*About this exercise*. Omit all pictures. Quote the lines from the one with "Ceramic Soap Dispenser" through the end of the listing below, exactly as they appear.

*Input data*.
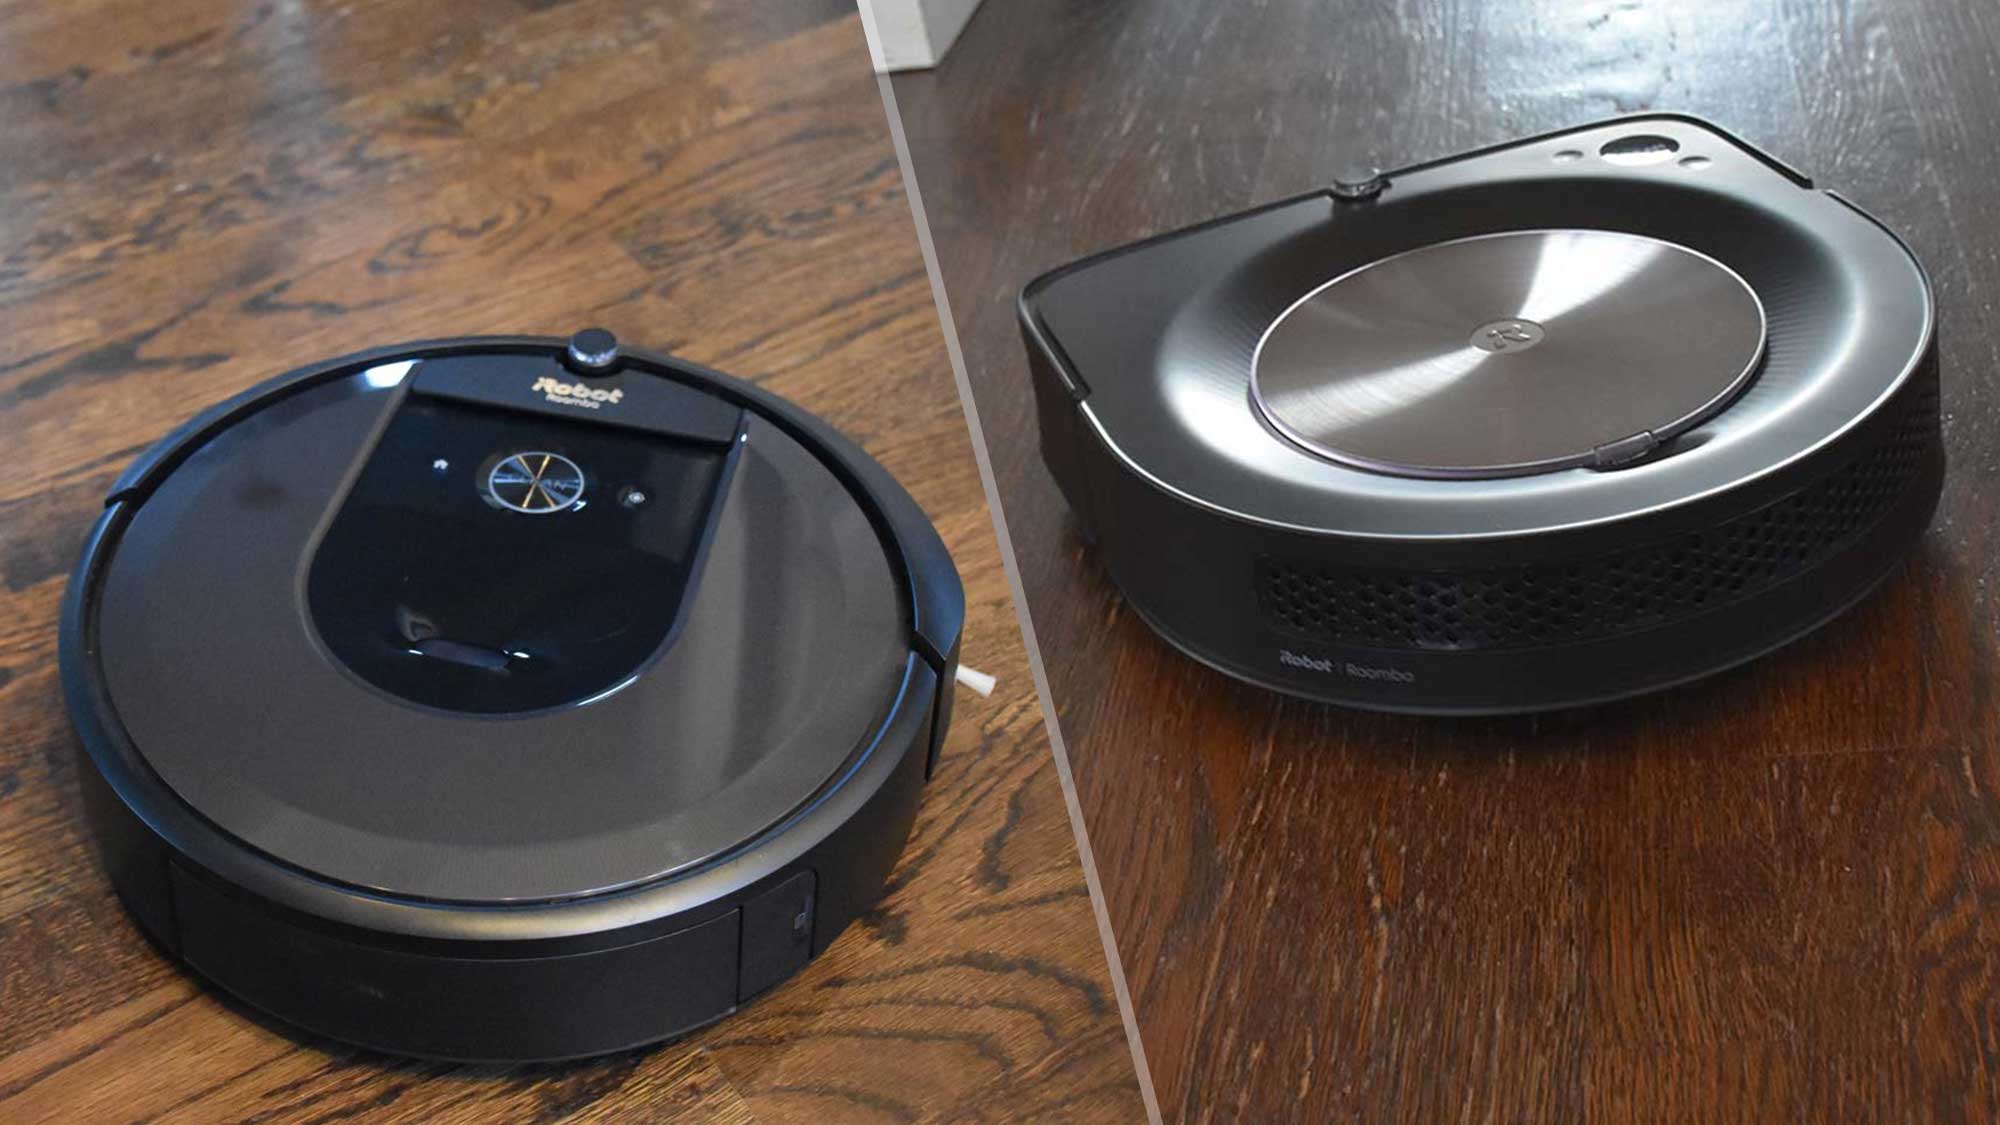 iRobot Roomba s9+ vs. iRobot Roomba i7+: Which is best for pet hair? |  Tom's Guide
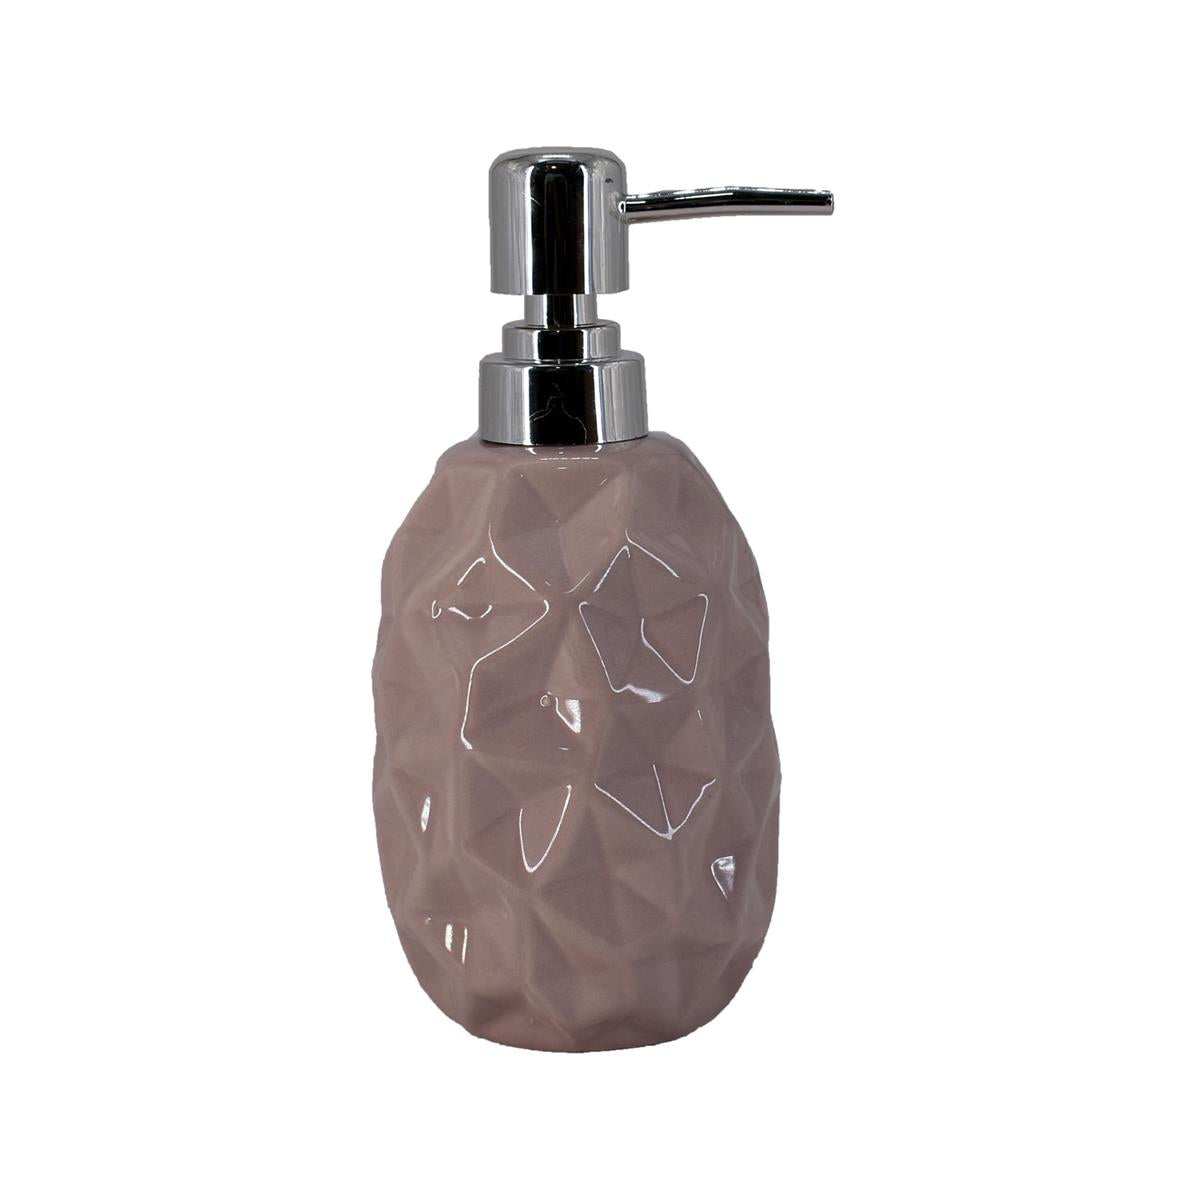 Ceramic Soap Dispenser Pump for Bathroom for Bath Gel, Lotion, Shampoo (7622)
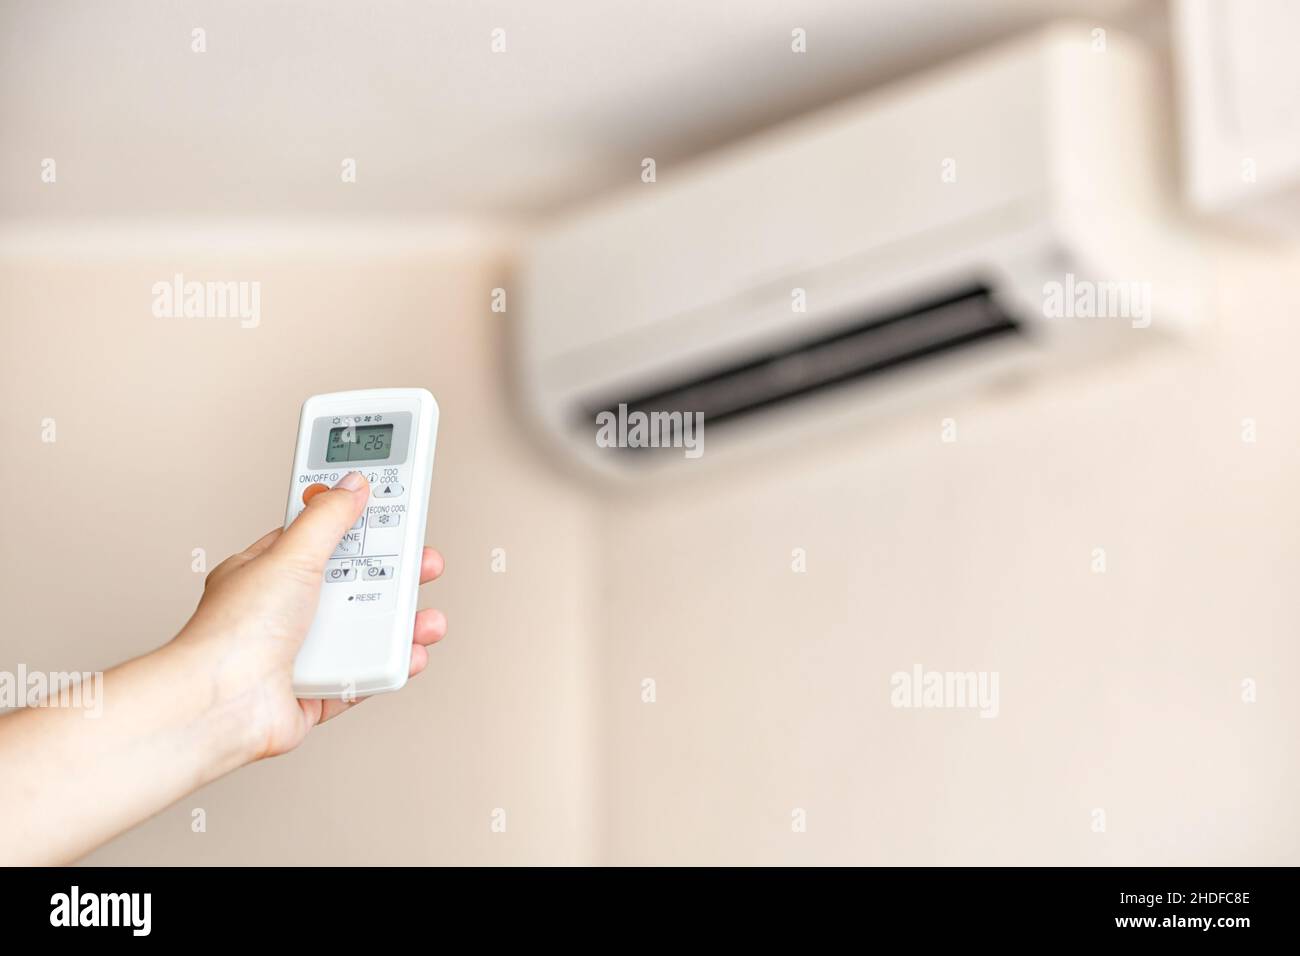 remote control, control, air condition, remote controls, controls, air conditioner, air conditiones, air conditioning Stock Photo
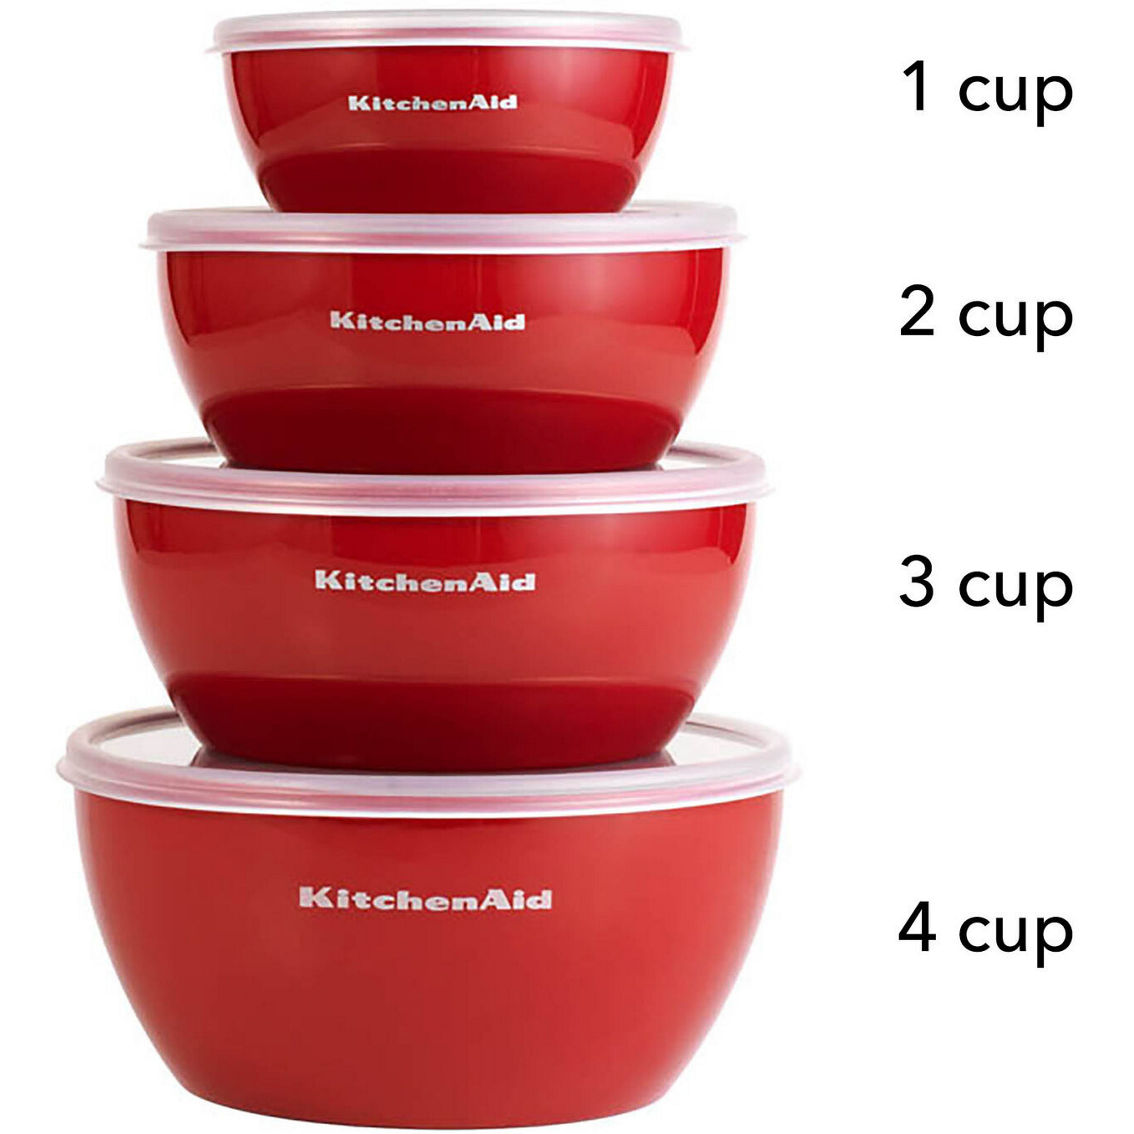 Kitchenaid Classic Prep Bowls 4 Pc. Set With Lids, Food Storage, Household

*Finished exercise*.
 Ceramic Soap Dispenser Pump for Bathroom for Bath Gel, Lotion, Shampoo (7622)
 remote control, control, air condition, remote controls, controls, air conditioner, air conditiones, air conditioning Stock Photo
 Kitchenaid Classic Prep Bowls 4 Pc. Set With Lids, Food Storage, Household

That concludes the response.